DeTrigger: A Gradient-Centric Approach to Backdoor Attack Mitigation in Federated Learning
This addresses security vulnerabilities in federated learning systems, which are critical for privacy-preserving applications like mobile and embedded systems, representing a strong specific gain rather than a foundational advancement.
The paper tackles the problem of backdoor attacks in federated learning by proposing DeTrigger, a framework that uses gradient analysis and temperature scaling to detect and mitigate these attacks, achieving up to 251x faster detection and 98.9% mitigation with minimal accuracy loss.

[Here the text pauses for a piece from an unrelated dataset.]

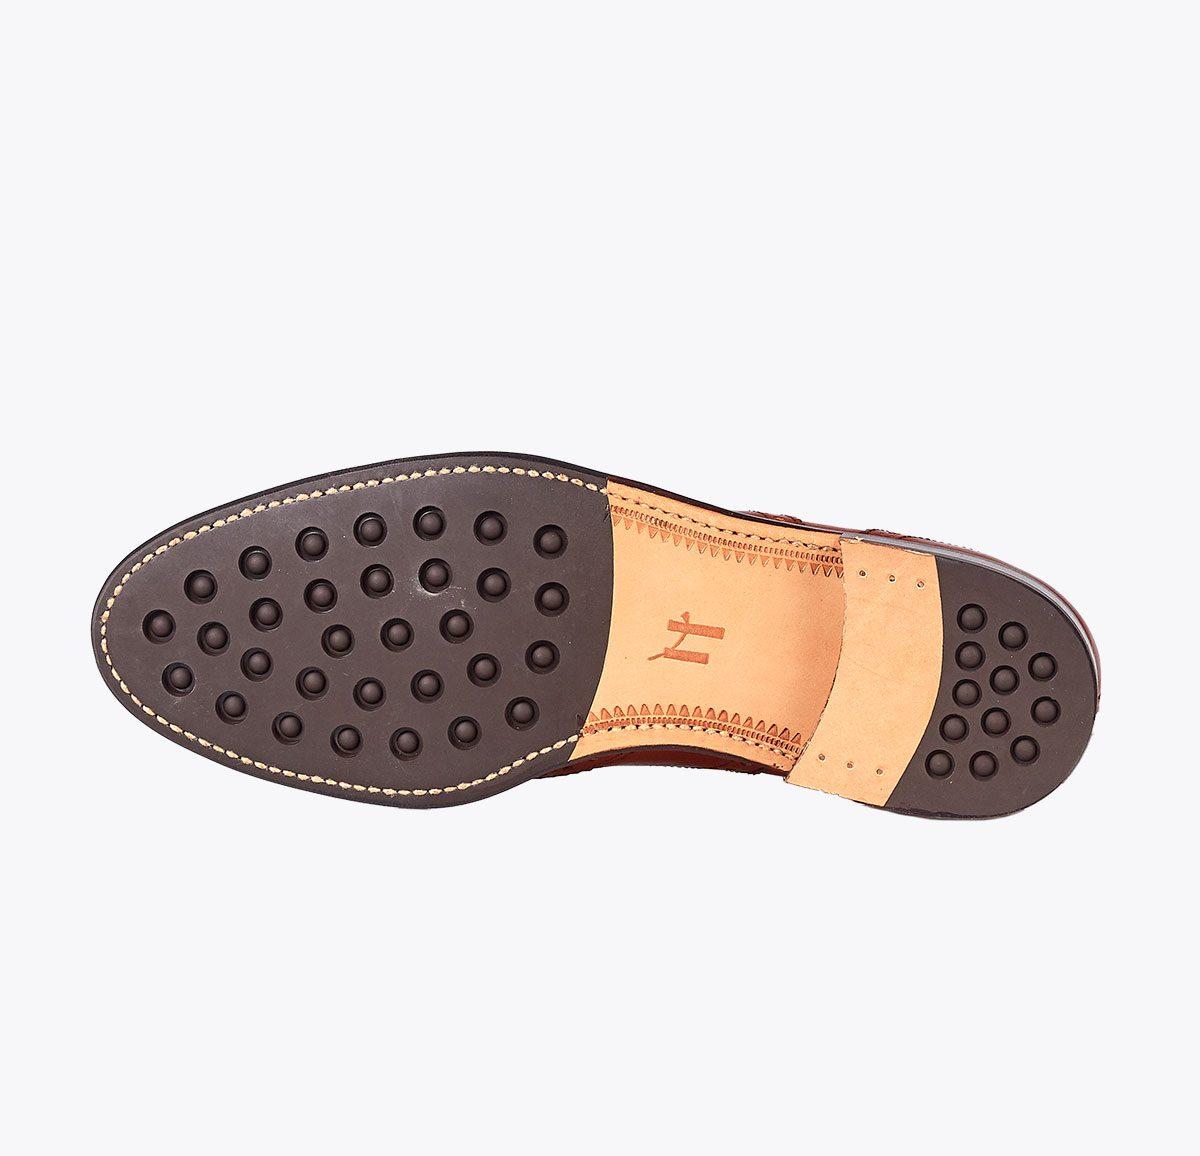 Zapato Inglés hecho a mano en mandalashoes, Santanyí Mallorca. Hand made shoes. Nach Mass Schuhe

Federated Learning (FL) enables collaborative model training across distributed devices while preserving local data privacy, making it ideal for mobile and embedded systems. However, the decentralized nature of FL also opens vulnerabilities to model poisoning attacks, particularly backdoor attacks, where adversaries implant trigger patterns to manipulate model predictions. In this paper, we propose DeTrigger, a scalable and efficient backdoor-robust federated learning framework that leverages insights from adversarial attack methodologies. By employing gradient analysis with temperature scaling, DeTrigger detects and isolates backdoor triggers, allowing for precise model weight pruning of backdoor activations without sacrificing benign model knowledge. Extensive evaluations across four widely used datasets demonstrate that DeTrigger achieves up to 251x faster detection than traditional methods and mitigates backdoor attacks by up to 98.9%, with minimal impact on global model accuracy. Our findings establish DeTrigger as a robust and scalable solution to protect federated learning environments against sophisticated backdoor threats.